Tânia chorava,nunca esteve tão assustada na vida,ela só queria reconquistar a fama perdida.

O Homem vestido de Pierrot,foi andando tranqüilamente em direção a algum quarto da casa.

Tânia caminhou até o sofá e pegou sua bolsa,a atravessou no peito,e respirou fundo,ela tinha que fazer alguma coisa,seu pai estava rindo dela,onde quer que ele estivesse.

Uma musica antiga dos trapalhões tomou conta da casa:

UMA PIRUETA,DUAS PIRUETAS.. BRAVO,BRAVO......

Logo em seguida balões de gás começaram a aparecer em todos os cantos da casa. no lugar onde antes estava o Pierrot,agora passava um homem trepado em uma grande perna de pau,tinha a cara com pintura de palhaço,mas Tânia reparou que seu olhar era triste,lembrava a ela olhar do pai. Não podia ser possível, o pai estava morto. Mas depois dessa noite nada parecia impossível para ela.

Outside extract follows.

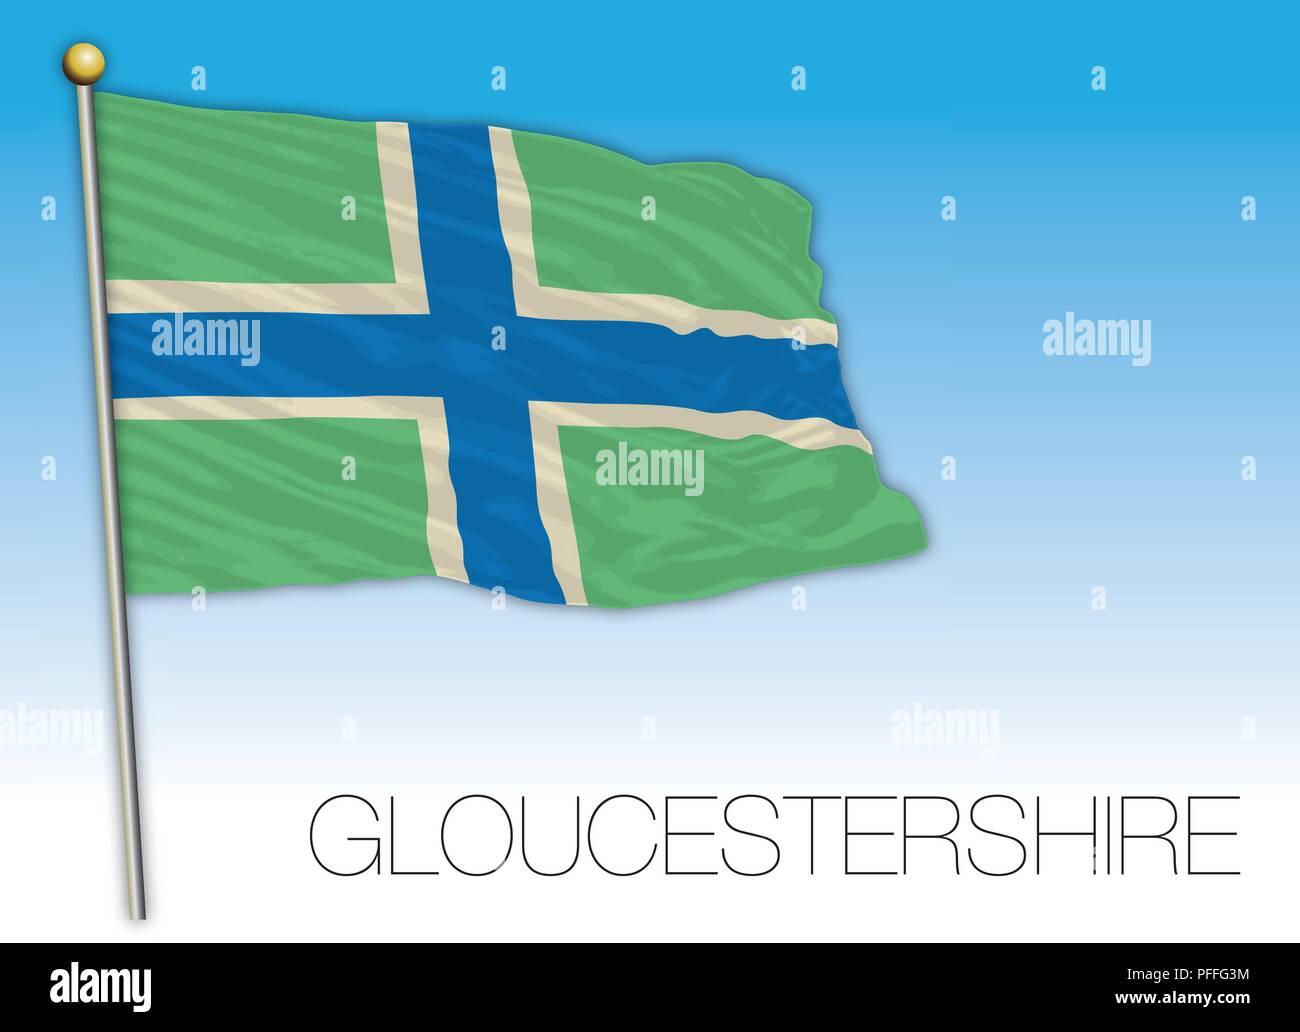 Gloucestershire flag, United Kingdom, vector illustration - Stock Vector

Respirou fundo, e decidiu lutar,subiu a escada,com passos corajosos e decididos,olhou porta por porta mais nada encontrou. Na ultima;uma grande porta dupla,luzes acesas denunciava,que havia alguém ali,as sombras eram refletidas para o corredor onde Tânia estava. Colocou a mão dentro da sua bolsa e caminhou devagar em direção a porta.

A porta se abriu antes que ela pudesse ter tido qualquer tipo de reação.

Sem perder mais tempo,Tânia tirou sua mão da bolsa e desferiu um golpe com sua chave de fenda da sorte na direção da pessoa que abria a porta.

Quanta agonia três segundos podem ser na vida de uma pessoa?

Na vida de Tânia,esses três segundos,mais pareciam cem anos.

No mesmo momento que lançou sua mão em direção a vulto que abria a porta. Seus olhos captaram uma imagem,era Heleno. Heleno que abria porta,ela queria parar o ataque,mas era tarde já tinha iniciado o movimento.

Antes da chave de fenda ser encravada no coração de Heleno,Tânia ainda viu que uma platéia assistia a tudo atônita no canto da sala.

O corpo de Heleno tombou tendo espasmos no chão.

Um câmera que filmava largou seu equipamento de trabalho para vomitar.

Um apresentador famoso,assistia a tudo boquiaberto. O publico não se mexia. talvez esperando algum tipo de explicação pelo ocorrido.

Tânia agora entendia. Tinha sido vitima de uma brincadeira de mau gosto. Uma câmera escondida. Isso com certeza tinha acabado de destruir sua imagem que já não era boa.

Correu de volta para a casa,algumas pessoas da produção do programa corriam atrás dela dizendo que tudo ia ficar bem,que o que aconteceu foi um acidente. Não nada iria ficar bem. Ela sabia.

Parou no segundo andar e se jogou. Morta. Quem sabe assim não voltaria a ser uma atriz de sucesso?